Comparing Florida’s approach to First Amendment issues to a parallel dimension portrayed in the Netflix series “Stranger Things,” a Florida federal judge has granted an injunction against provisions of the “Stop WOKE Act” that restrict workforce diversity training.
In an Aug. 18 opinion, Judge Mark E. Walker of the Northern District of Florida enjoined the state attorney general and members of the Florida Commission on Human Relations from prohibiting employers from discussing certain concepts relating to gender, race or national origin during mandatory employment training, as is required by the new law.
The First Amendment generally prevents the state from clamping down on free speech, while private entities can place restrictions on free expression, Walker wrote, adding that in Florida these truisms are reversed.
“Now, like the heroine in “Stranger Things,” this court is once again asked to pull Florida back from the upside down,” he wrote. “... Because the challenged provision of the (Individual Freedom) Act is a naked viewpoint-based regulation on speech that does not pass strict scrutiny, plaintiffs’ motion for a preliminary injunction … is granted in part.”

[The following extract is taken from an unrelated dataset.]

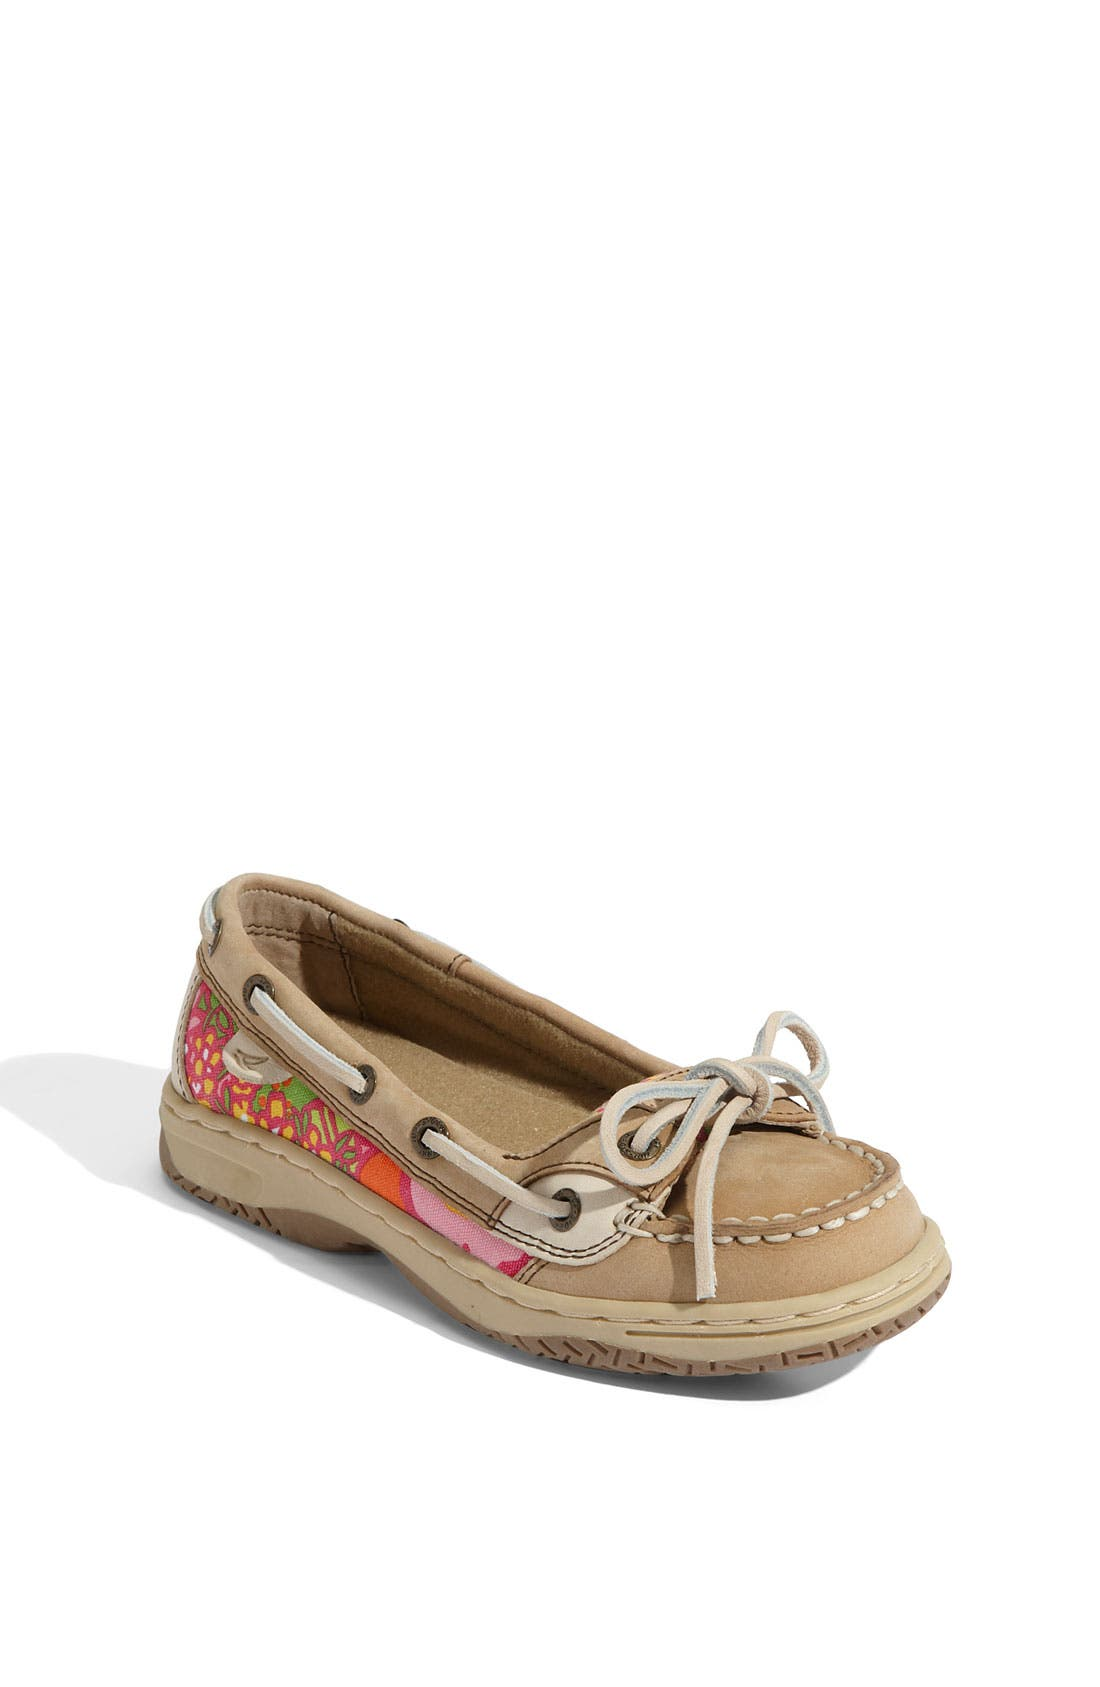 Main Image - Sperry Kids 'Angelfish' Boat Shoe (Little Kid & Big Kid)

Several businesses, represented by the group Protect Democracy and Ropes & Gray LLC, are challenging the Stop WOKE Act’s employment provisions. Critics have called the new law vague and unconstitutional and argued that it prevents employers from talking honestly with employees about systemic racial and gender bias in the workplace.
“Defendants argue that Florida has an interest in preventing employers from ‘foisting speech that the state finds repugnant on a “captive audience” of employees’ …” Walker wrote. “Not so. The First Amendment does not give the state license to censor speech because it finds it ‘repugnant,’ no matter how captive the audience.”